Create a GPU Container Job
In this tutorial, you will create your first GPU Container job using the CosmicAC CLI. By the end, you will have a running container ready to accept a shell session.
Prerequisites:
- A CosmicAC account
- CosmicAC CLI installed. See Installation.
Log in
Authenticate with your CosmicAC account:
cosmicac loginThis opens a browser window. Complete the login steps to continue. If the browser does not open, copy the URL from the terminal and paste it into your browser.
Skip this step if you are already authenticated.
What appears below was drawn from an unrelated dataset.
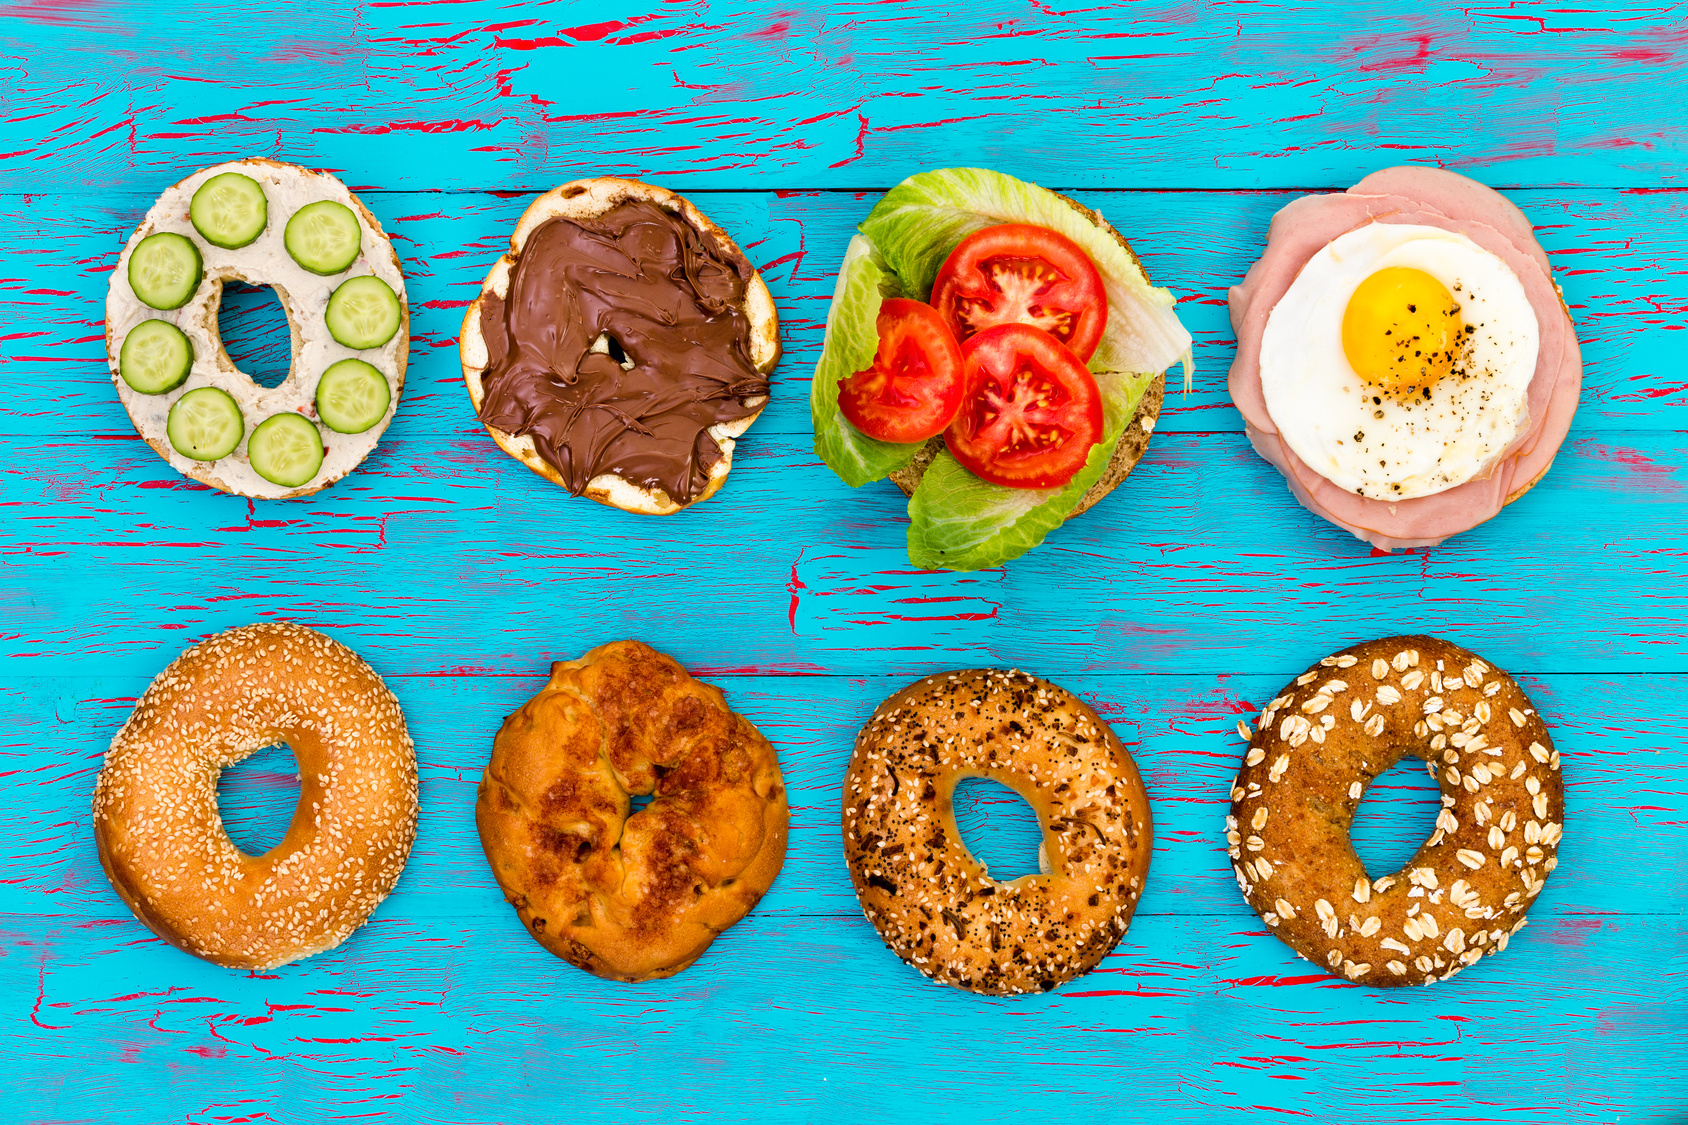 Four different flavored fresh sliced bagels with assorted filling of cucumbers, chocolate , salad, fried egg and ham, neatly arranged in a row on an exotic blue picnic table viewed from above
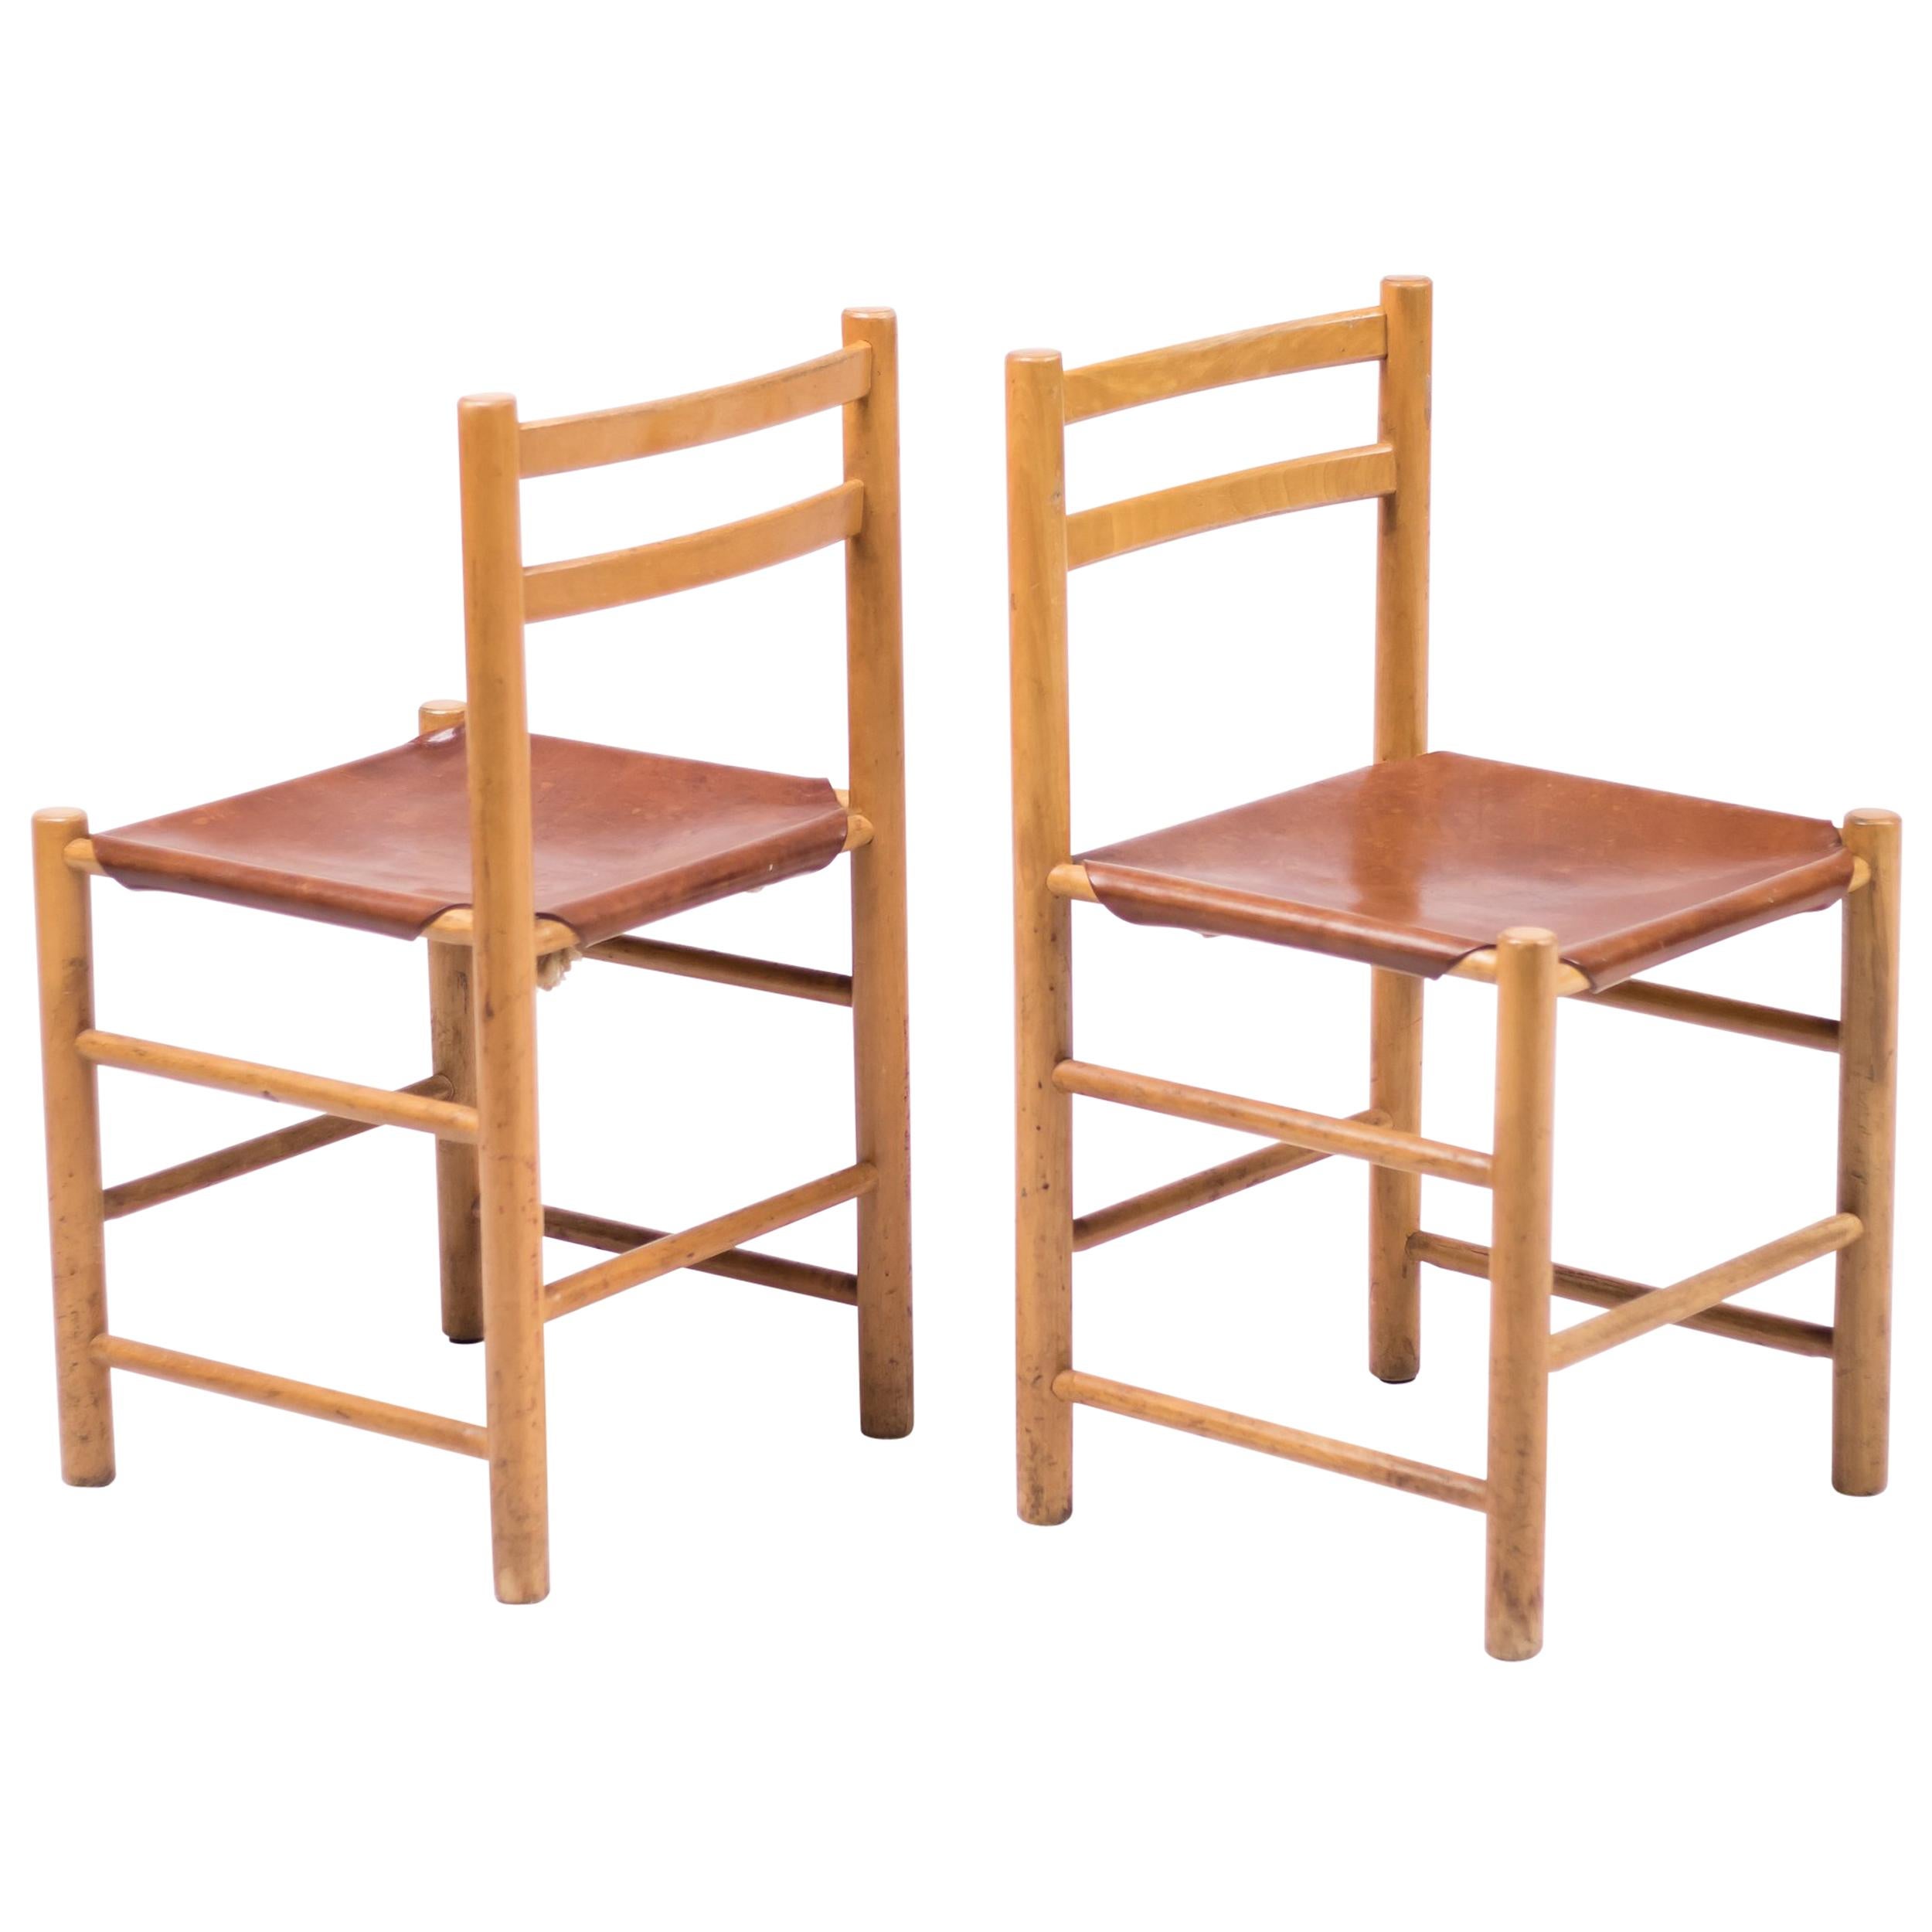 Pair of Minimalist Chairs in Maple and Saddle Leather

Initialize the job configuration
Run the interactive setup to generate a job.config.json file:
cosmicac jobs initFollow the prompts:
| Prompt | Description |
|---|---|
| Project name | A name for your job |
| Tags | Comma-separated labels to organize the job |
| Type | Select GPU_CONTAINER |
| GPU type | The GPU hardware to use (e.g., H100) |
| GPU count | The number of GPUs to allocate |
| Country code | The 2-letter region code where your container runs (e.g., us, in, gb) |
| Container image | The base image in repository:tag format (e.g., ubuntu:24.04) |
| Cost limit | The maximum spend in USD |
| Alerts | Select Cost Exceeded, Errors, or both |
The CLI saves your answers to job.config.json in the current directory.
Review the configuration
Open job.config.json and confirm your settings before submitting:
{
"name": "train-image-model",
"tags": ["training", "image-recognition"],
"type": "GPU_CONTAINER",
"gpu": {
"type": "H100",
"count": "2"
},
"location": "in",
"container": {
"image": {
"repository": "ubuntu",
"tag": "24.04"
}
},
"params": {},
"cost_limit": 100,
"alerts": {
"cost_exceeded": true,
"errors": true
}
}If anything is incorrect, edit the file directly or re-run cosmicac jobs init to regenerate it.
Create the container
Submit the job:
cosmicac jobs createCosmicAC provisions and starts your GPU Container job. This takes a few minutes.
Verify the container is running
Check the status of your job:
cosmicac jobs listYour container is ready when the status shows Running.
You have created your first GPU Container job. It is now running and ready to accept a shell session.